About this exercise:
Pictures in the data below are not part of the copy; transcribe everything else exactly.

Provided material:
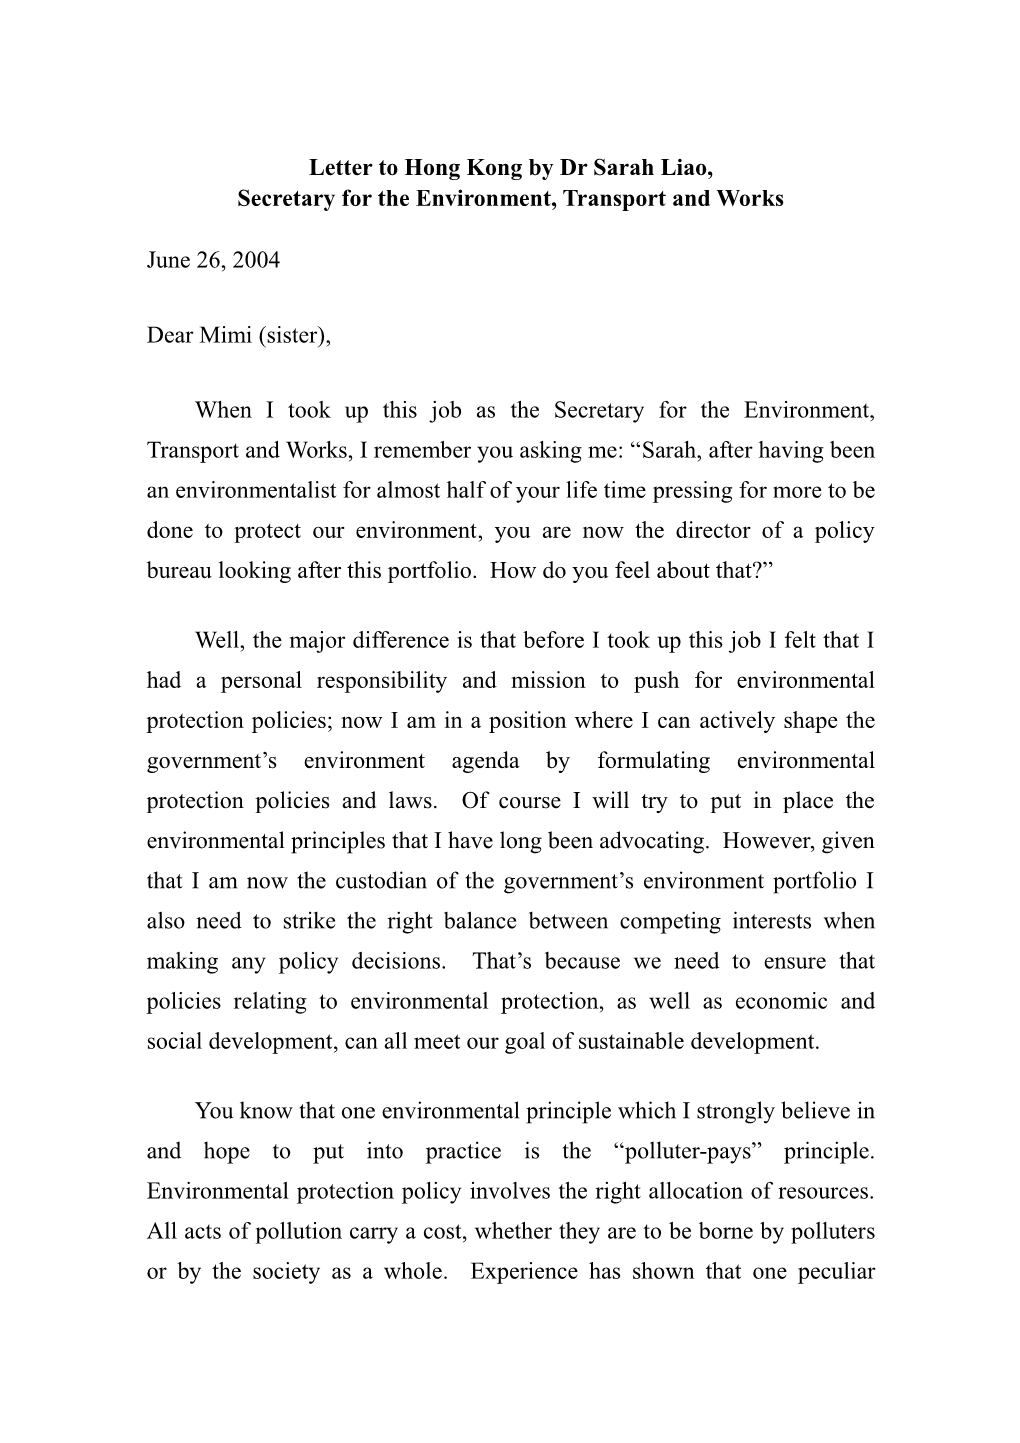 Letter to Hong Kong by Dr Sarah Liao, Secretary for the Environment, Transport and Works
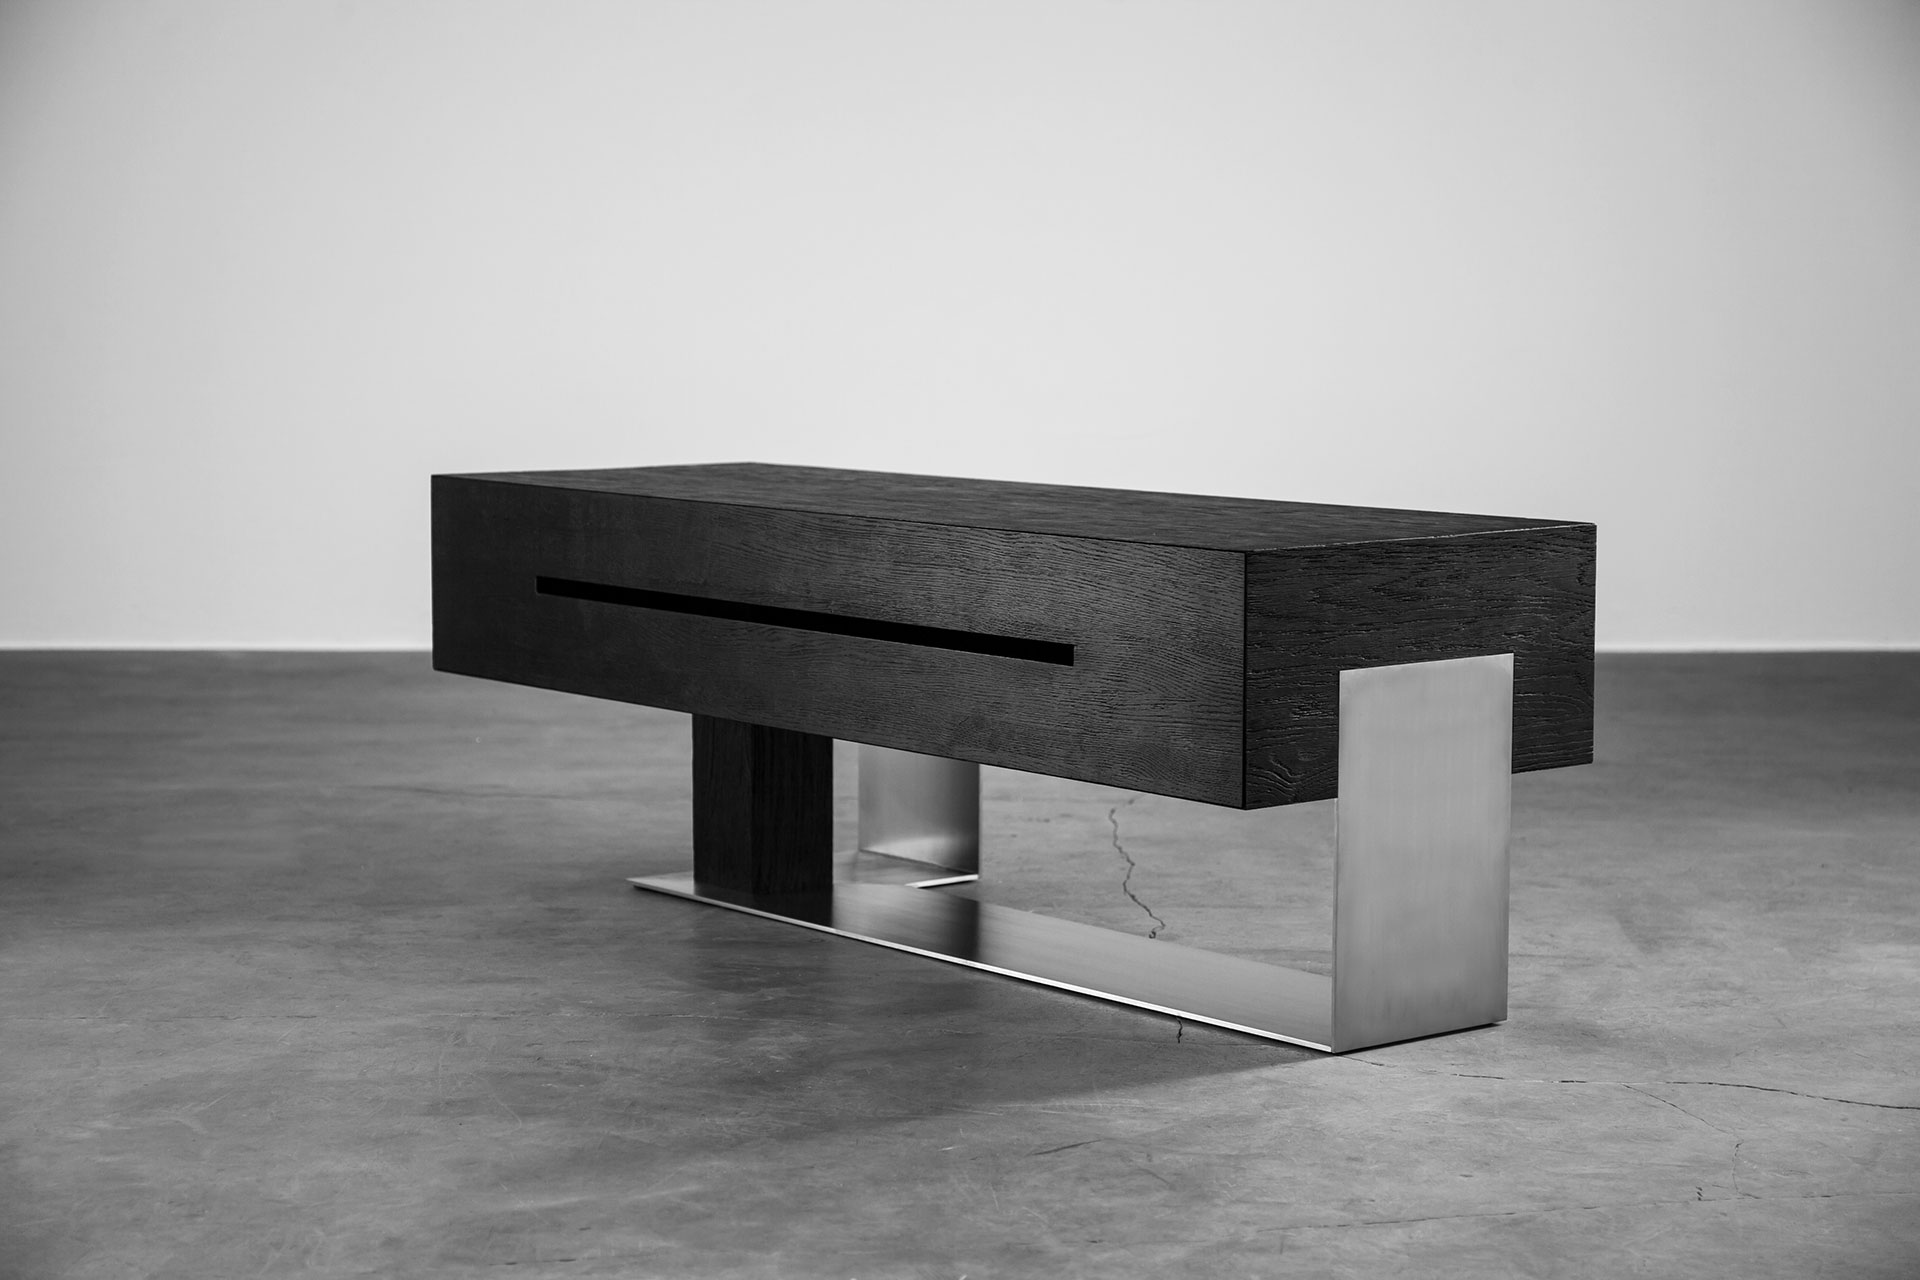 Contemporary media console inspired by brutalism style
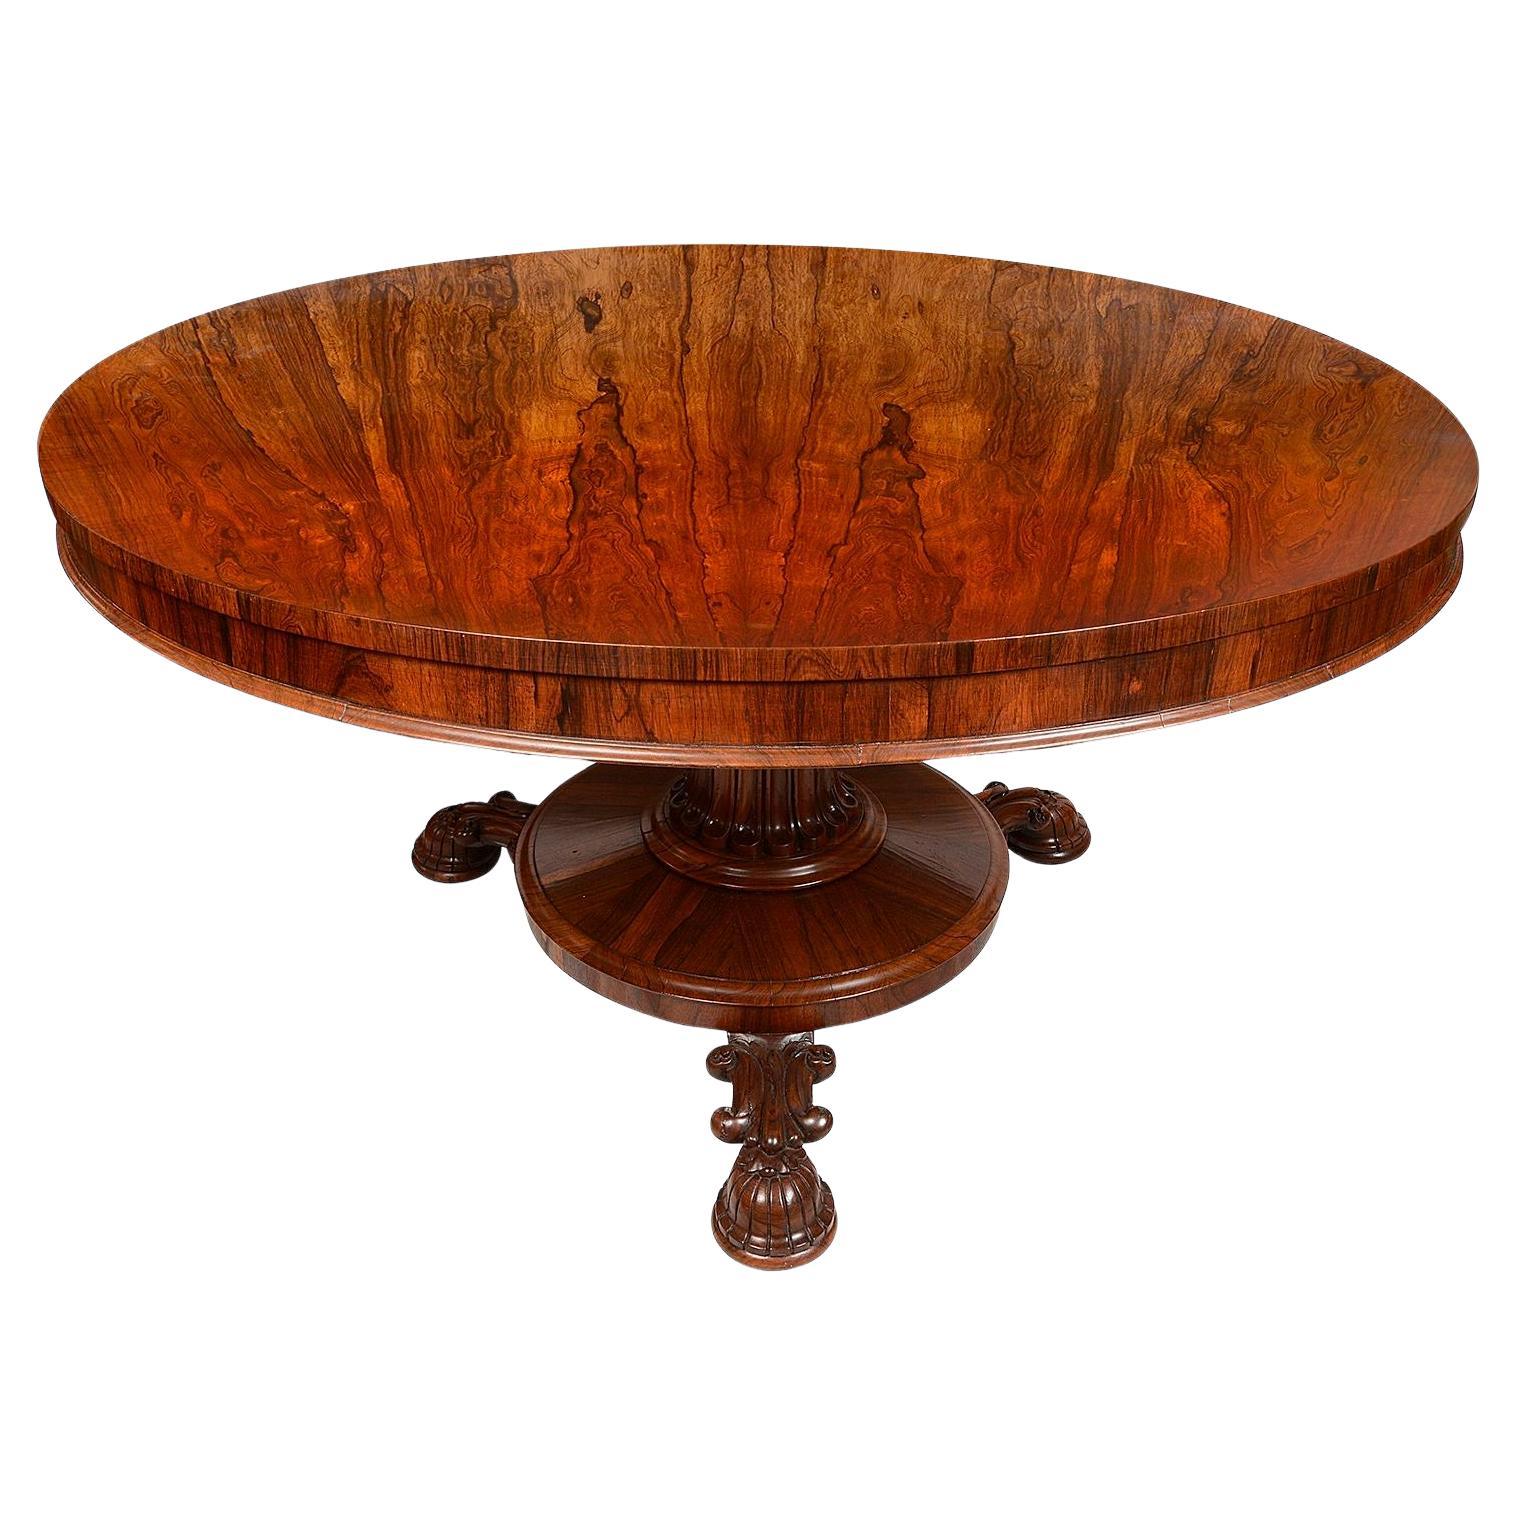 Late Regency Period Rosewood Dining / Centre Table, circa 1820-1840 For Sale

Result of the task:
 Letter to Hong Kong by Dr Sarah Liao, Secretary for the Environment, Transport and Works
 Contemporary media console inspired by brutalism style
 Late Regency Period Rosewood Dining / Centre Table, circa 1820-1840 For Sale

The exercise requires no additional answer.